The mid-frequency (10–103 Hz) arc of so-called Gerischer impedance is observed when additional charge carriers appear in a system as a result of the chemical reaction (in case of the considered membrane system, the water-splitting reaction at the membrane/solution boundary) [35,46]. The width of this arc is equal to the effective resistance of the reaction layer, RG.
The frequency corresponding to the maximal value of imaginary component of the Gerischer impedance spectrum, f max G , is used to calculate the effective water-splitting reaction constant on the membrane/solution boundary [35]
χ = 2 π f max G 3
The low-frequency (0.003–10 Hz) arc of the spectrum (finite-length Warburg impedance) characterizes the diffusion and electroconvective transport of ions in DBL adjacent to a membrane. The DBL thickness can be found from the difference in values of the real component of the low-frequency arc for the lowest and the highest frequencies [37].

3. Results and Discussion

3.1. Optical Images

The results of swollen pristine and fouled AMX-Sb membrane surface and cross-section optical microscopy are shown in Figure 4.
As can be seen from Figure 4b, after 10 h of contact with wine, the surface and cross-section of the AMX-Sbw10 sample acquire a pale ruby color. This color is an indicator of the penetration of anthocyanins into the membrane volume [12,13]. On the surface of AMX-Sbw10, structures are visualized, the distribution of which has an “island” character. These structures are mainly composed of high-molecular-weight components of wine [13].
After 72 h of contact with wine (Figure 4c), the color of the surface and cross-section of the membrane turns red-brown, indicating that the volume of AMX-Sbw72 sample is enriched with tannins and/or anthocyanin-tannin adducts (for example, catechins), which are yellow and brown, respectively [49]. Colored aggregates of wine components and microorganisms almost completely cover the surface of AMX-Sbw72, which was exposed to the wine compartment (Figure 4c). On the opposite surface of the membrane, which was facing the NaCl compartment, a translucent film is visualized. As will be shown in Section 3.2, this film is formed by microorganisms.

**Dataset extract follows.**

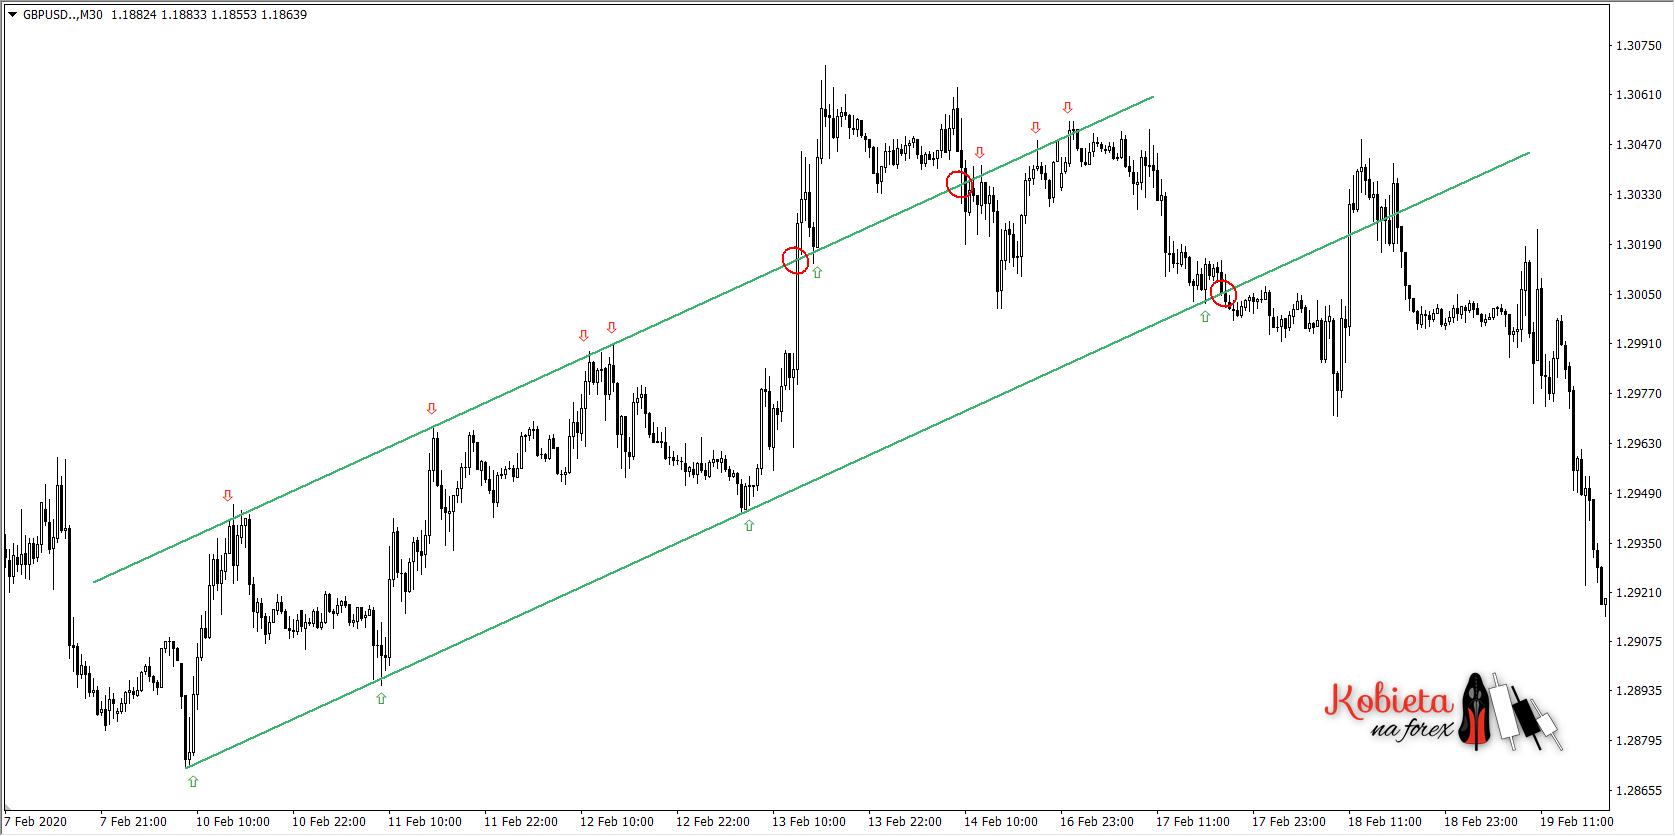 """Wykres 1. Wykorzystanie narzędzia """"linia trendu"""" do wyrysowania linii trendu (po dołkach), a następnie kanału cenowego (dodanie linii równoległej przy szczytach), który ogranicza kurs od góry, wskazując na opór."""

3.2. Results of Microbiological Analysis

The pristine AMX-Sb sample surfaces immediately after salt pretreatment do not contain microorganisms. Figure 5 shows the results of microbiological analysis of the surface microflora of AMX-Sbw72. On the surface facing the NaCl solution compartment (Figure 5a,b), gram-negative, non-spore-forming aerobic rod-shaped bacteria were found, morphologically similar to representatives of the genera Enterobacter, Pseudomonas and Acetobacter. In addition, gram-positive bacteria Actinomycetales, which have the ability to form branching pseudomycelium, and single cells of microscopic fungi of the genus Candida, which are stained in dark purple, are visualized. The same representatives of microflora, but in much smaller quantities, were found on the surface facing the wine compartment (Figure 5c,d).
The source of microflora is most likely the elements of the ED system (hoses, etc.), as is often the case in real production. Less rapid development of microflora from the side of wine compartment is caused by the presence of ethyl alcohol, which suppresses its reproduction [50,51]. The more intensive growth of microflora on the AMX-Sb surface facing the NaCl solution compartment is apparently due to the absence of ethyl alcohol in this solution, as well as (as our measurements show) a high concentration of glucose and other nutrients at the AMX-Sb/NaCl interface, that are transported across the membrane from the wine compartment. In the future, we plan to obtain more detailed information about this phenomenon, as well as about the structure of foulant on the membrane surface, using optical coherence tomography, OCT, and fluorescence microscopy method.
The obtained results are important for the practice of ED tartrate stabilization of wine and ED separation of anthocyanins from winemaking waste. First, they confirm the legitimacy of the established electrodialysis practice, where membrane stacks in the food industry are sterilized every 10–12 h [11,52,53]. Indeed, during this time, biofouling does not have time to significantly affect the membrane transport characteristics. Secondly, these results show that it makes sense to pay more attention to the periodic sterilization of the concentration compartment (circuit), and not just the circuits of electrodialyzer with wine or other food media, as is most often done now.

3.3. Electrochemical Impedance Spectra

Using electrochemical impedance spectroscopy (EIS), let us analyze to what extent the changes in the volume and surface of membranes after contact with wine affect their behavior in the superimposed electric field (DC bias).
Figure 6 shows the EIS of the AMX-Sb (Figure 6a) and AMX-Sbw10 (Figure 6b) obtained in under- and over-limiting current modes. The shape of the spectra for the pristine membrane and the sample contacted with wine are significantly different. These differences are observed in all three (high-, mid- and low-frequency) domains.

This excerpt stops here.